Gayle runs at a speed of 3.70 m/s and dives on a sled, initially at rest on the top of a frictionless snow-covered hill. After she has descended a vertical distance of 5.00 m, her brother, who is initially at rest, hops on her back and together they continue down the hill. What is their speed at the bottom of the hill if the total vertical drop is 15.0 m? Gayle's mass is 45.0 kg, the sled has a mass of 5.15 kg and her brother has a mass of 30.0 kg.

To solve this problem, we need to use the principle of conservation of energy.
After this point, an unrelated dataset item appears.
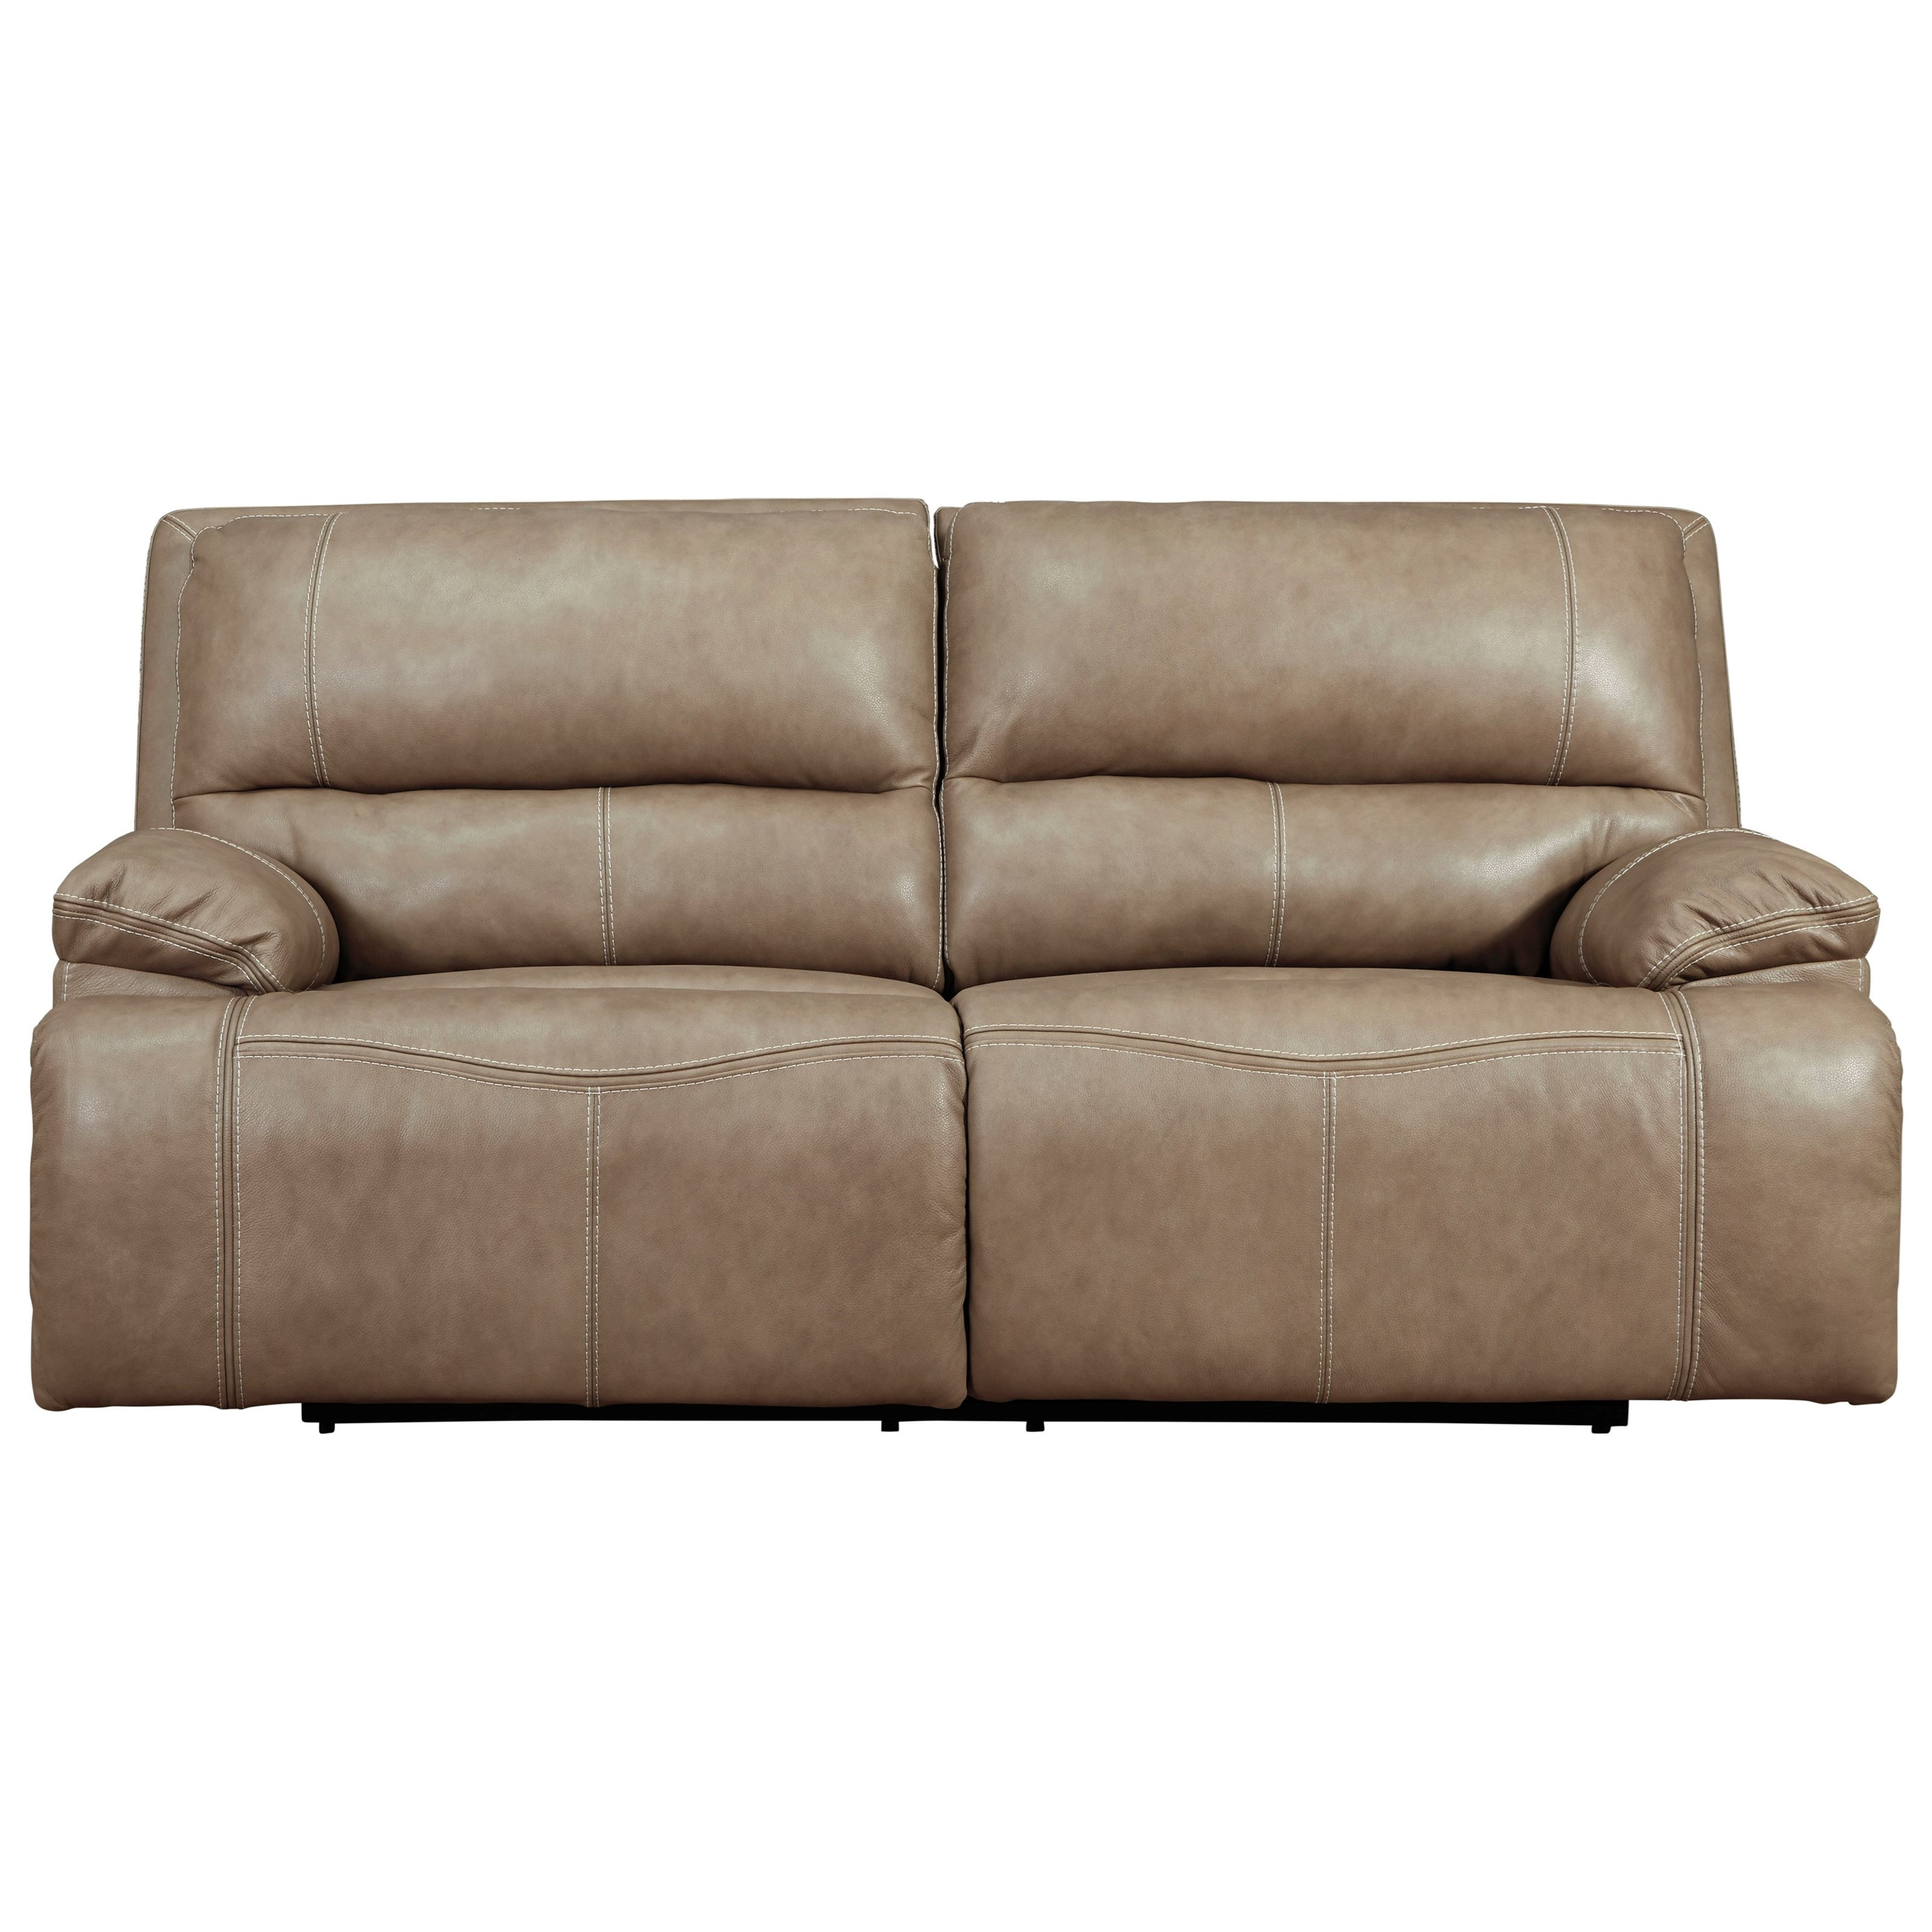 Ricmen Power Reclining Sofa by Signature Design by Ashley at HomeWorld Furniture

The total mechanical energy of the system (potential energy + kinetic energy) is conserved in the absence of non-conservative forces like friction.
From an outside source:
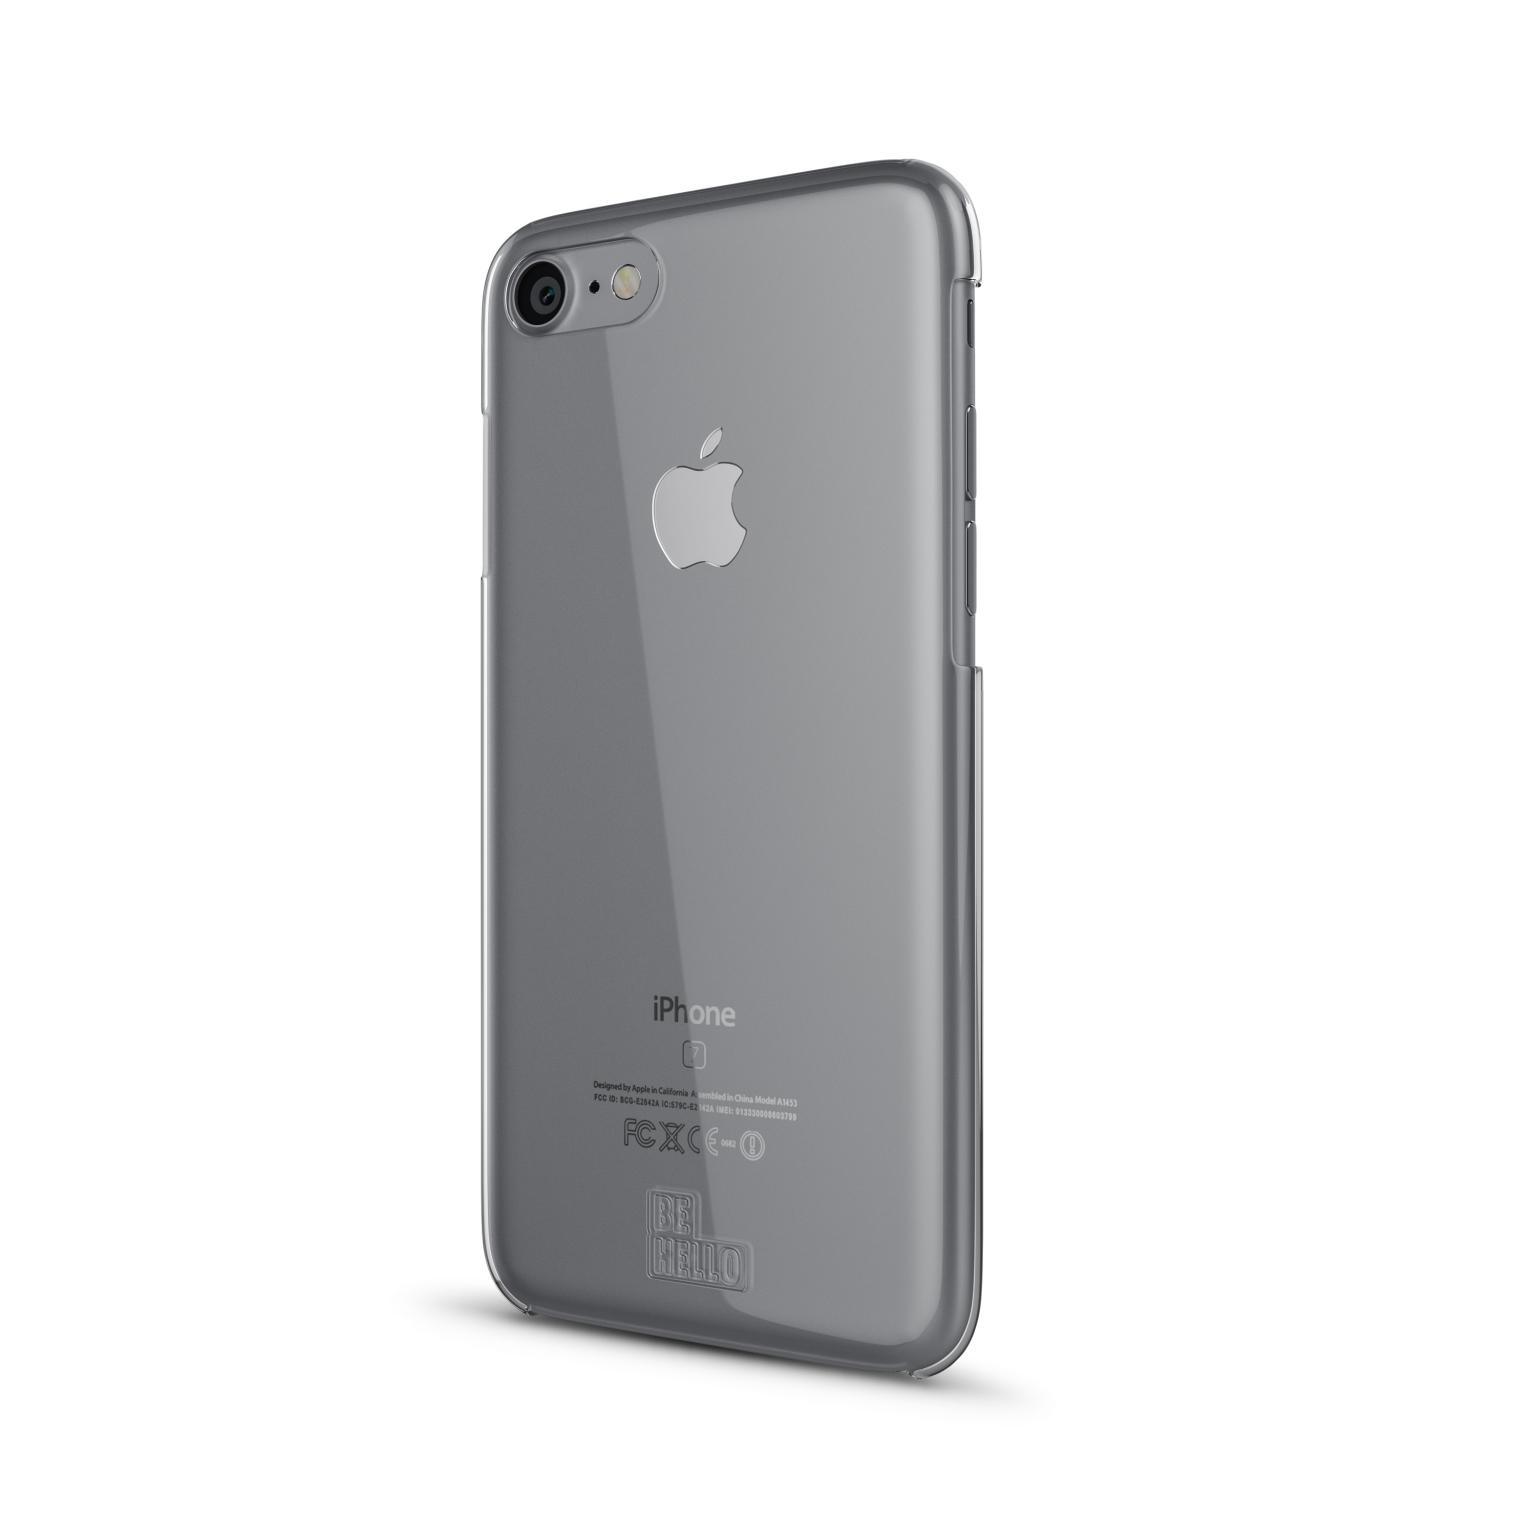 Afbeelding van BeHello iPhone 7 / 6S 6 Transparent Back Case Anti Scratch Transpare

Step 1: Calculate the initial potential energy of Gayle and the sled. Potential energy (PE) = mgh where m is the mass, g is the acceleration due to gravity (9.8 m/s^2), and h is the height. PE = (45 kg + 5.15 kg) * 9.8 m/s^2 * 5 m = 2457 J

Step 2: Calculate the kinetic energy of Gayle and the sled after descending 5 m. Since the total mechanical energy is conserved, the kinetic energy (KE) at this point is equal to the initial potential energy. KE = 1/2 * m * v^2 where m is the mass and v is the velocity. Solving for v, we get v = sqrt((2 * KE) / m) = sqrt((2 * 2457 J) / (45 kg + 5.15 kg)) = 9.8 m/s

Step 3: Calculate the final potential energy when Gayle's brother hops on. The total mass now is the mass of Gayle, the sled, and her brother. The remaining height is 15 m - 5 m = 10 m. PE = mgh = (45 kg + 5.15 kg + 30 kg) * 9.8 m/s^2 * 10 m = 7840 J

Step 4: Calculate the final speed at the bottom of the hill. Again, since energy is conserved, the final kinetic energy is equal to the final potential energy. Solving for v, we get v = sqrt((2 * KE) / m) = sqrt((2 * 7840 J) / (45 kg + 5.15 kg + 30 kg)) = 14 m/s

So, their speed at the bottom of the hill is 14 m/s.